As described above, according to the present invention, the thickness of the optical low-pass filter provided between the imaging lens and the imaging device can be reduced, and the space between the imaging lens and the imaging device can be secured more widely. Mounting structure can be obtained.

[Brief description of the drawings]

FIG. 1 is a plan view showing an image pickup apparatus using an optical low-pass filter mounting structure according to a first embodiment of the present invention.

FIG. 2 is a sectional view taken along the line II-II in FIG.

FIG. 3 is a diagram schematically illustrating a cross section of an imaging device using an optical low-pass filter mounting structure according to a second embodiment;

FIG. 4 is a diagram schematically showing a cross section of an imaging device using an optical low-pass filter mounting structure according to a third embodiment.

FIG. 5 is a diagram schematically illustrating a cross section of an imaging device using an optical low-pass filter mounting structure according to a fourth embodiment.

FIG. 6 is a diagram schematically illustrating a cross section of an imaging device using an optical low-pass filter mounting structure according to a fifth embodiment.
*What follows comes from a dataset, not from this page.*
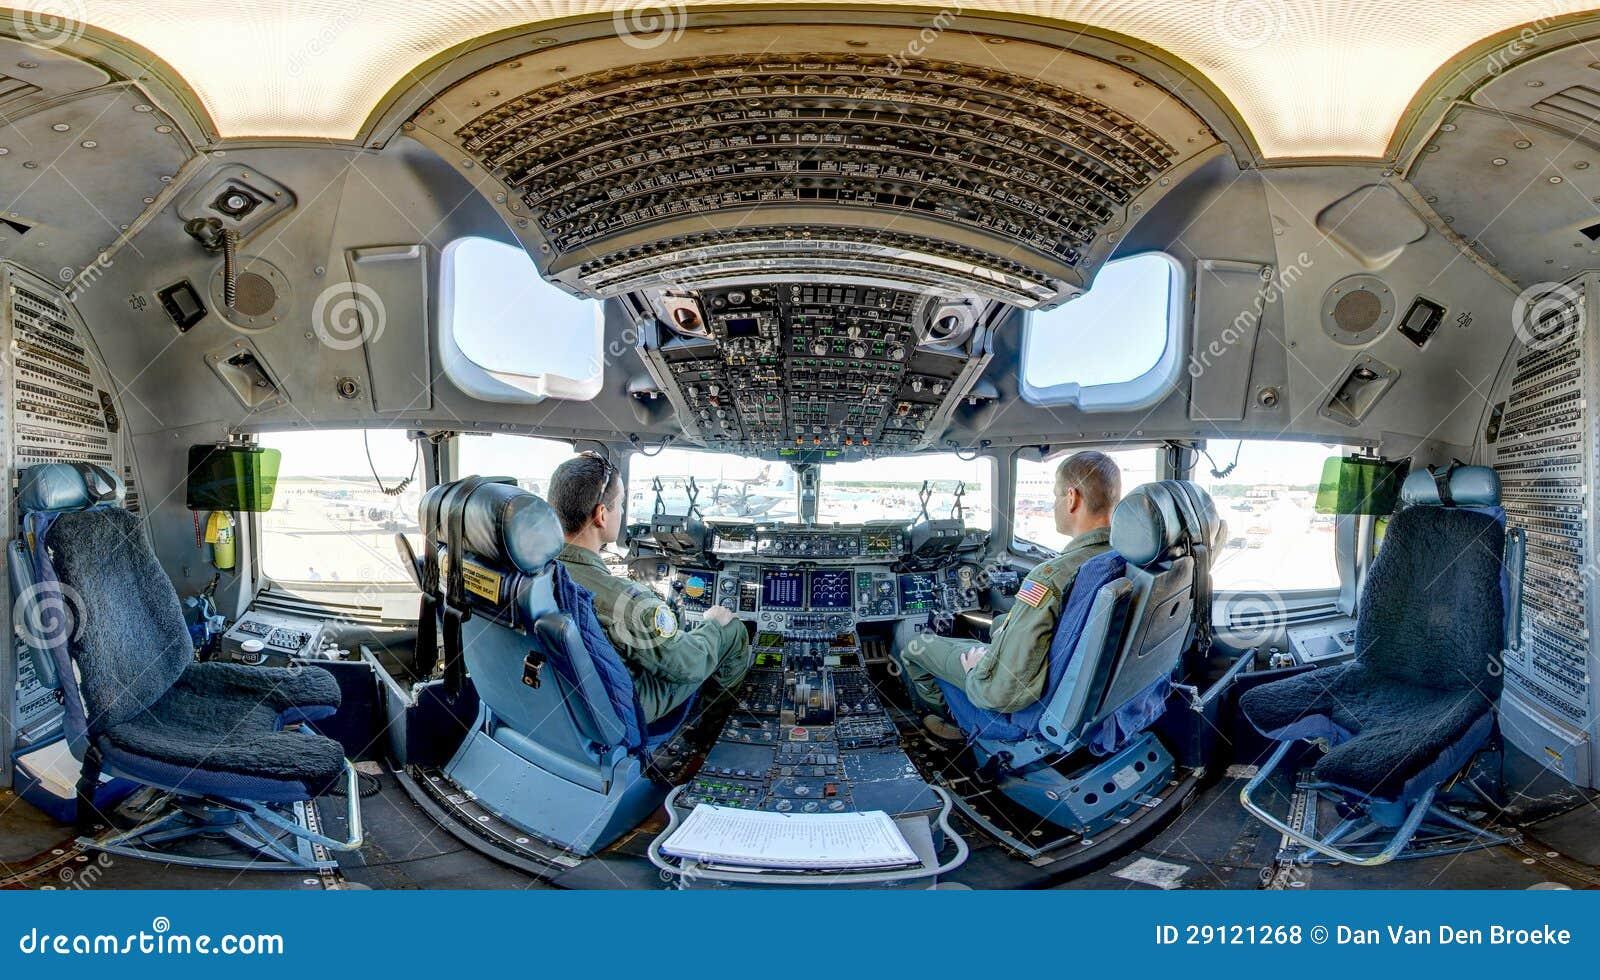 C-17 Globemaster III cockpit  C 17 Cockpit

FIG. 7 is a diagram schematically illustrating a cross section of an imaging device using an optical low-pass filter mounting structure according to a sixth embodiment.

[Explanation of symbols]

 DESCRIPTION OF SYMBOLS 11 Casing 13 Solid-state image sensor 15 LN plate for cover 16 Quartz plate

──────────────────────────────────────────────────の Continued on the front page (51) Int.Cl. ⁷ Identification symbol FI Theme coat ゛ (Reference) // H01L 31/02 H01L 27/14 D 5F088 H04N 101: 00 31/02 BF Term (Reference) 2H048 CA12 CA17 CA24 2H049 BA01 BA42 BB66 BC21 4M118 AA05 AA10 AB01 FA06 GC11 GC20 HA02 5C022 AA13 AB13 AB39 AC42 5C024 BX01 CY37 CY48 EX22 EX23 EX24 EX51 GY01 5F088 BA20 BB03 EA04 JA13 JA20

Claims (11)

[Claims] 1. An imaging apparatus having a solid-state imaging device provided in a casing, wherein a first birefringent plate for a cover that covers the solid-state imaging device is attached to the casing, and the inside of the casing is shielded from outside air. A solid-state imaging device, wherein a space between a peripheral portion of the first birefringent plate and a casing is sealed. 2. The solid-state imaging device according to claim 1, wherein a second birefringent plate is provided on a side of the first birefringent plate on the solid-state imaging device side. 3. The solid-state imaging device according to claim 2, wherein the second birefringent plate is affixed to a surface of the first birefringent plate on a solid-state imaging device side with an ultraviolet curable resin. . 4. The solid-state imaging device according to claim 2, wherein the second birefringent plate is a flat member smaller than the first birefringent plate. 5. The solid-state imaging device according to claim 2, wherein the second birefringent plate is formed from a quartz plate. 6. The solid-state imaging device according to claim 2, wherein an infrared cut filter is provided between the first birefringent plate and the second birefringent plate. 7. The solid-state imaging device according to claim 1, wherein a third birefringent plate is provided on a side of the first birefringent plate opposite to the solid-state imaging device. 8. An infrared cut filter is provided between the first birefringent plate and the third birefringent plate in close contact with the first birefringent plate and the third birefringent plate. The solid-state imaging device according to claim 7, wherein: 9. At least one of the birefringent plates,
The solid-state imaging device according to claim 3, wherein one surface thereof is provided with an infrared cut coat. 10. The solid-state imaging device according to claim 3, wherein each of the birefringent plates is provided in parallel with the solid-state imaging device. 11. The solid-state imaging device according to claim 1, wherein the birefringent plate is made of lithium niobate.